During the first period of the day I left my office (I was the Academic Technology Manager, which gave me the chance to work with teachers to incorporate technology into their curricula) and went to ask a question of our network administrator.  While we were talking, the head of the math department came into the server room and urged that we turn the tv to CNN.  "A plane has crashed into the World Trade Center", he said.  Since his son is an airline pilot, it makes sense that he was particularly attuned to the topic of plane crashes (his sister had called him to deliver the message).  As we were watching, in shock and dumbfounded surprise, we watched the second plane crash into tower 2.  Obviously this has been reshown on television and in movies countless times since then, but I will never forget my first sighting of it.  Watching the fire from the first plane, we naturally assumed that the crash had been an accident, but the second plane crash made all of us jump to the truth of the matter--the crashes were the result of terrorism.

Groton has a lot of students from New York, and I was never prouder of the school than I was that day.  An emergency school assembly was convened, New York area students were approached by advisors, deans, chaplain and headmaster, and we in the technology department tried to find ways to get messages to families in New York, which was difficult as phone lines were jammed.  In the days that followed, as the world tried to come to terms with what had occurred, I remember having conversations with colleagues, family and students in which we all recognized that things would never be the same.  I remember feeling like I finally knew what my grandparents had felt on December 7, 1941 and what my parents had felt on November 22, 1963; and wishing that I still didn't.

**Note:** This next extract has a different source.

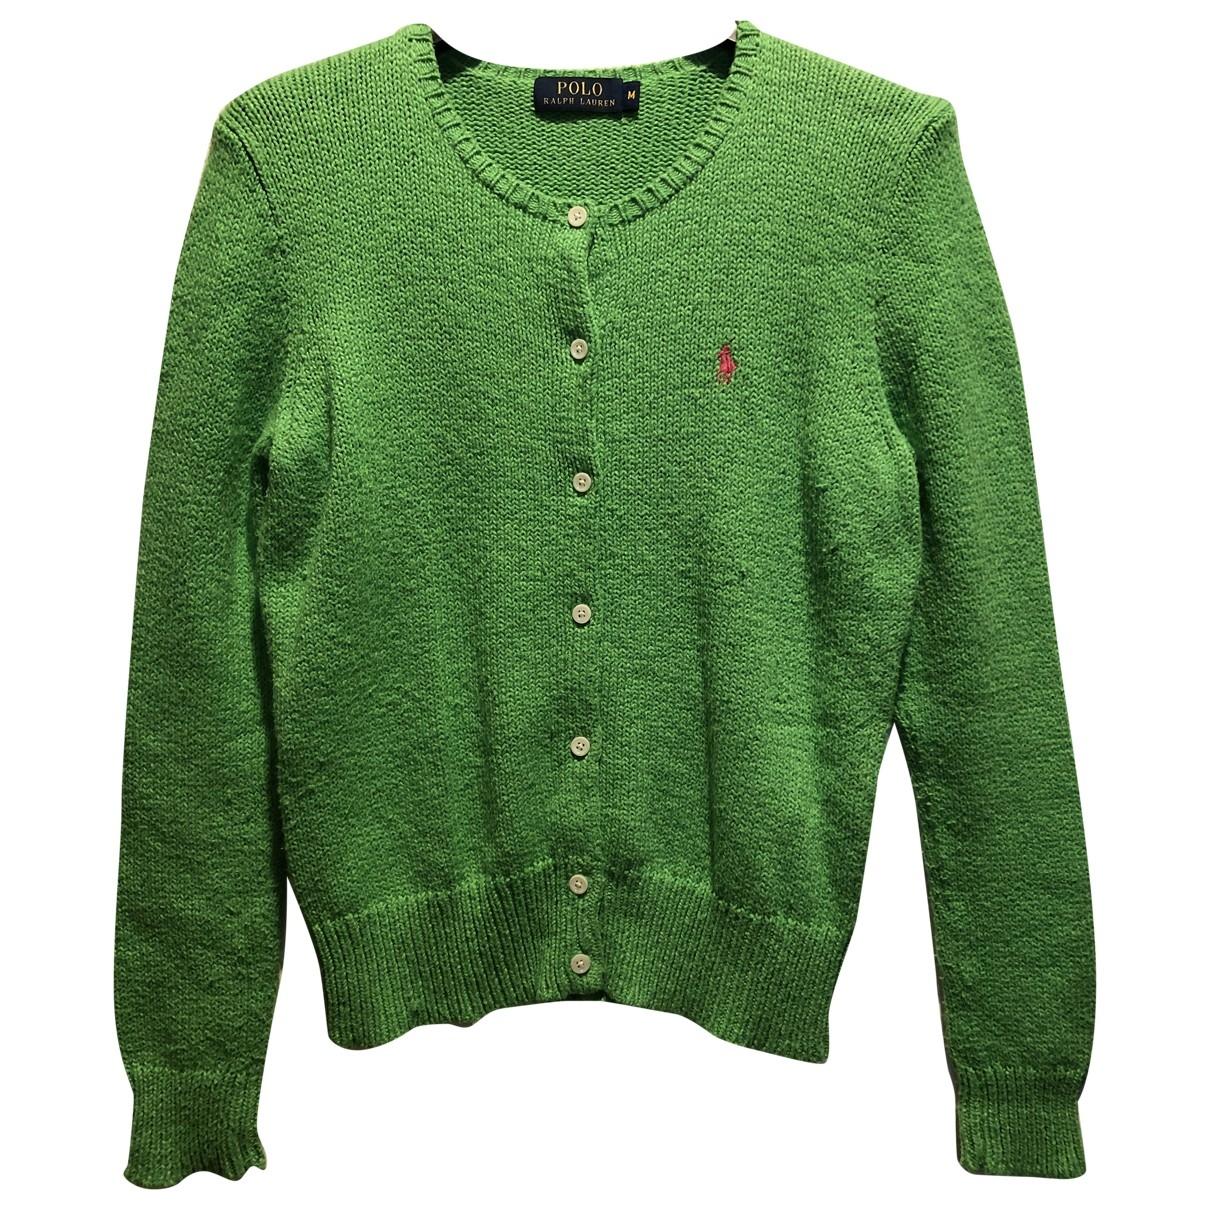 Polo Ralph Lauren \N Green Cotton Knitwear for Women M International

I was on dorm duty the next week, and the girls were diligently studying and completing their homework, when I decided to try to put my thoughts down.  Re-reading it now (it is on my website), I can't help but notice the debt I owed to Bob Cringely, and his extremely prescient writing the previous month that "I wonder whether the end of the Cold War may have accelerated this law enforcement trend as intelligence agencies try to stay in business by re-targeting their efforts on terrorism, the new bogeyman." I also can't help but notice the debt (stylistically, if not in content) owed to my rereading of the political essays of Gore Vidal.  Most importantly, I was encouraged to follow the lead of my friend Sascha Fruedenheim, whose invaluable blog often clarifies difficult ideas for me.

This week I was teaching history at Wyoming Seminary, where I have worked since 2003. And I realized that my 15-year old sophomores were about the same age 10 years ago as I was when Richard Nixon resigned, days before my fourth birthday.  Growing up I always heard about "Watergate", and it was clear that post-Watergate America (my America) was different from what came before, but I never knew how.  In fact, the desire to solve this mystery is one of the reasons I became a historian.  So for anyone who reads this, and especially for younger people, I hope it helps show that there was a "road not taken" in the fall of 2001.  At that time I urged travel on the road not taken, and, sadly, that has made no difference at all.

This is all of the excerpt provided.